After years of fending off complaints about his self-centeredness, grandiosity and extreme narcissism, Trent Lockwood of Nashville, Tennessee, finally figured out that any emotional shortcoming on his part was due to the fact that, as a young boy, his father utterly failed him, causing him to turn his focus exclusively on himself - and it all happened when he was only six years old.
According to Trent, he sensed from a very early age that he was a great deal more charming and charismatic than any of the other toddlers he knew.
"It was clear I had more in common with celestial beings, like angels, than with mere mortal kids," he noted. "Putting two and two together, it only made sense that God would want to keep me very close. And as I saw it, that meant a real risk of death."
“Either that,” he added, laughing darkly, "or God was going to make me uglier and more ordinary, to fit in better on earth. To me, that was a prospect potentially even worse than dying."
Desperate for solutions, it was only natural that vulnerable young Trent would turn to his dad - only for his father to fail him unconscionably by shrugging off his son's concerns about dying.
"He just didn't get it," said Trent sadly. "He laughed and told me I didn't need to worry about kicking the bucket for another eighty years or so."
Six-year-old Trent, however, found his father's offhand response anything but reassuring. Instead, it only served to confirm his suspicions about his father's severe emotional limitations and inability to truly be there for his extraordinary young son.
“It's clear in hindsight that he was jealous," said Trent. "It's the only explanation that makes any sense."
Trent's emotional journey hasn't been easy. It's taken years of therapy, journaling and unwavering self-reflection for him to truly absorb that his father's dismissive attitude toward his fear of death was the cause of everything in his life that's ever gone wrong. Moreover, it was only very recently that Trent was able to see through the laughing veneer and recognize his father's response all those years ago for what it was: a calculated act of sabotage.

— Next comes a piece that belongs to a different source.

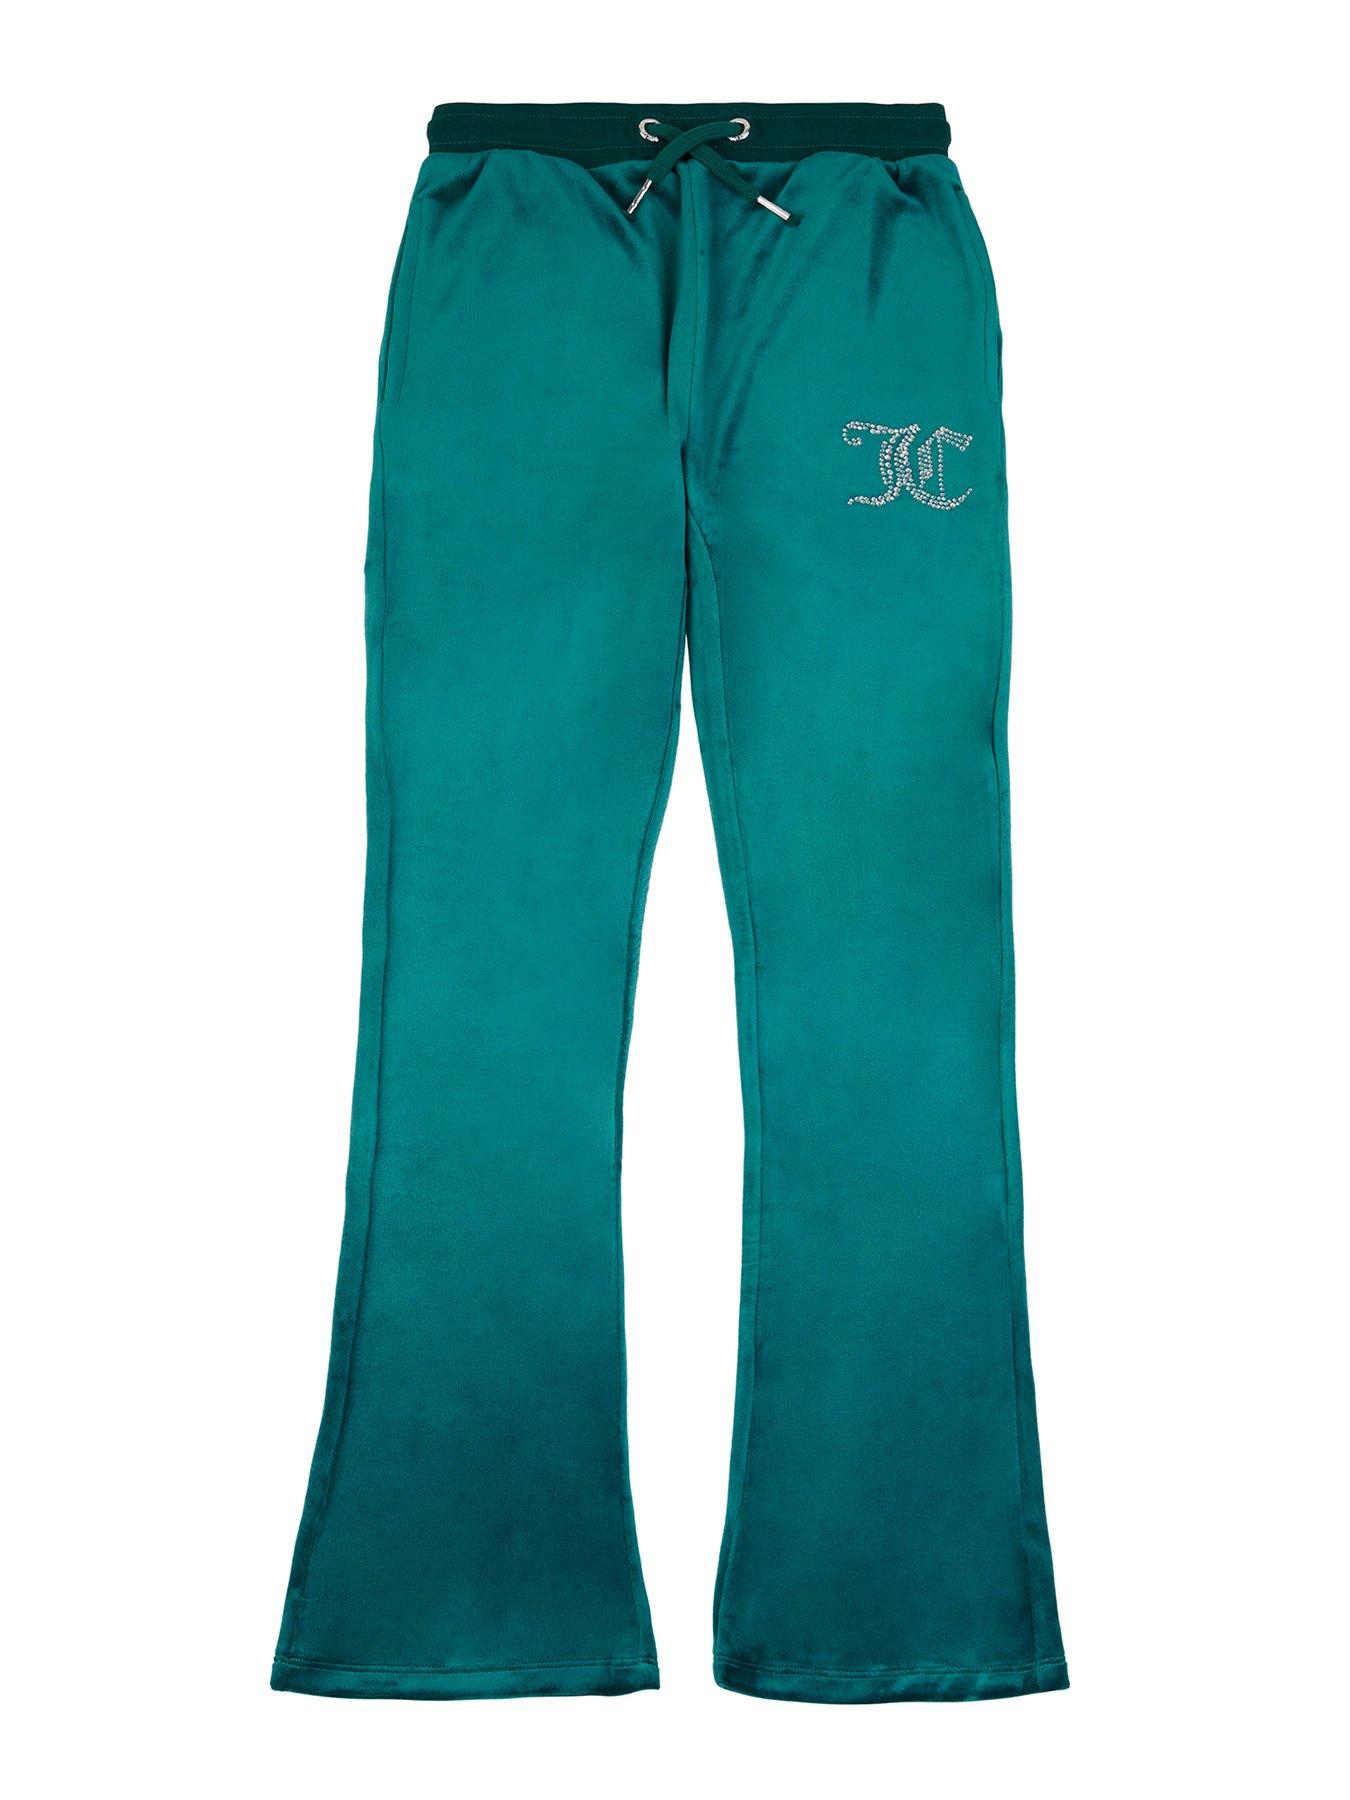 Juicy Couture TRACK PANTS - Tracksuit bottoms - nightsky/dark blue

"It was tough to accept that about my own father," said Trent. "But why else would he choose to make light of a highly intelligent young boy's totally legitimate fears? I mean, who tries to gaslight a six-year-old boy?”
Grateful as he is for his newfound awareness about his father's detrimental effect on his life, Trent has no illusions that that awareness will bring him much in the way of relief.
“For someone as sensitive and complex as me, the emotional damage is always going to be there," he said, his chiseled jaw stoic. "I can't understand why my own father would try to hide my light under a bushel. I always tried to express that my brilliance was no threat to him. I didn't want him to stand in my shadow, I wanted him to bask in my light - even reflect it! But he just couldn't do it. I try to be brave about it, but it still hurts."
Fortunately, six-year-old Trent's dire predictions have proven to be at least somewhat off-base. Despite his worries about being pulled close to God, Trent, now twenty-eight years old, hasn't died - nor has he grown any less handsome, charming or charismatic.
“It's worked out okay on paper, thank goodness," noted Trent. "Despite my father's best efforts, I'm continuing to bring light and beauty to the world. I feel good about that. And I'm not going to stop."